At issue in this case is the constitutionality of Act No. 76, Acts and Joint Resolutions of 1977. This Act enlarges and further defines the powers of the South Carolina State Housing Authority, which was created by Act No. 500, Acts and [223]*223Joint Resolutions of 1971. Specifically, the Act under appeal empowers the Authority to engage in a variety of programs designed to provide affordable “sanitary and safe residential housing” for persons and families of low and low to moderate income.

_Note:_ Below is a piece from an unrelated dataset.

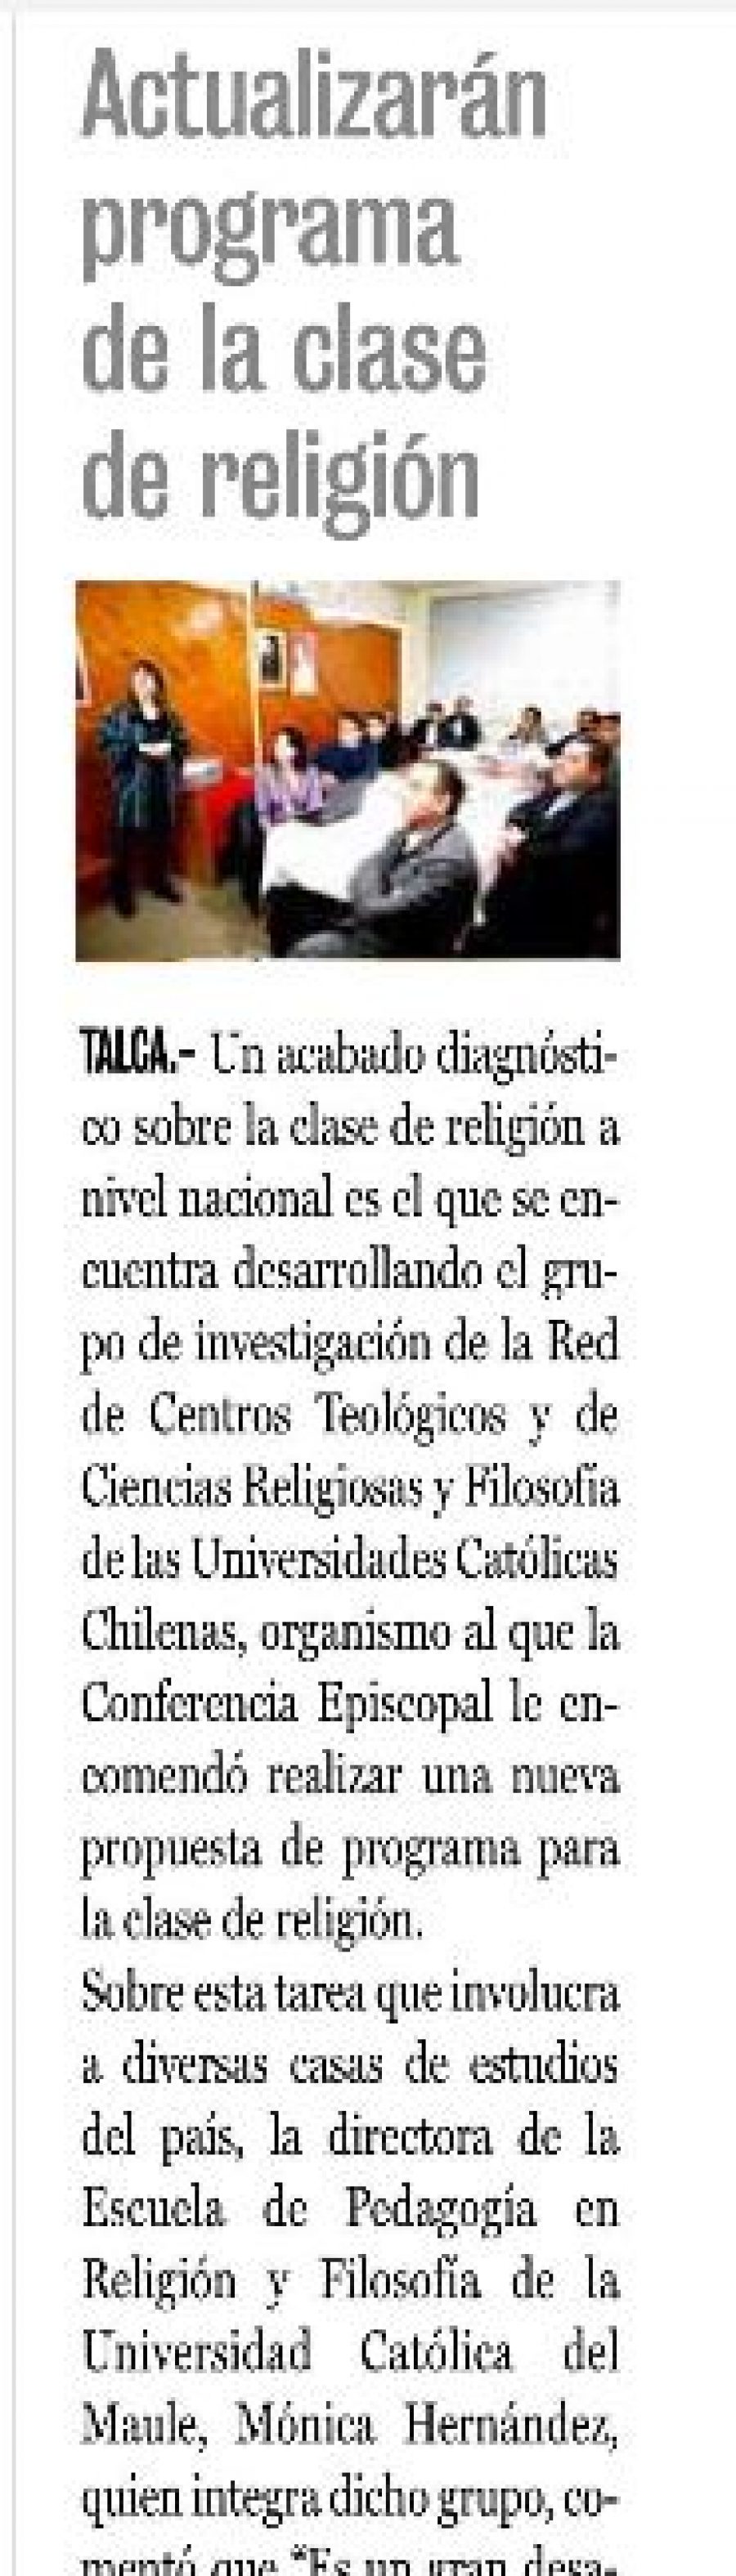 06 de mayo en Diario La Prensa: “Actualizarán programa de la clase de religión”

The lower court upheld the constitutionality of the Act. The plaintiff-appellant challenges this determination contending that (1) the Act does not serve a public purpose, (2) it pledges the credit of the State for the benefit of private corporations and individuals in violation of the South Carolina Constitution, (3) it improperly delegates legislative authority, and (4) it violates the equal protection clauses of the Federal and State Constitutions. We affirm the lower court.

I.

The present Act represents the third attempt by the Legislature to enact constitutional legislation designed to alleviate what it has found to be a serious shortage of sanitary and safe residential housing which is affordable by certain segments of South Carolina’s population.

The initial enactment, which was passed in 1974, was declared invalid by this Court in Casey v. State Housing Authority, 264 S. C. 303, 215 S. E. (2d) 184 (1975), on the ground that it constituted a pledge of the State’s credit for the benefit of the private sector in violation of the State Constitution.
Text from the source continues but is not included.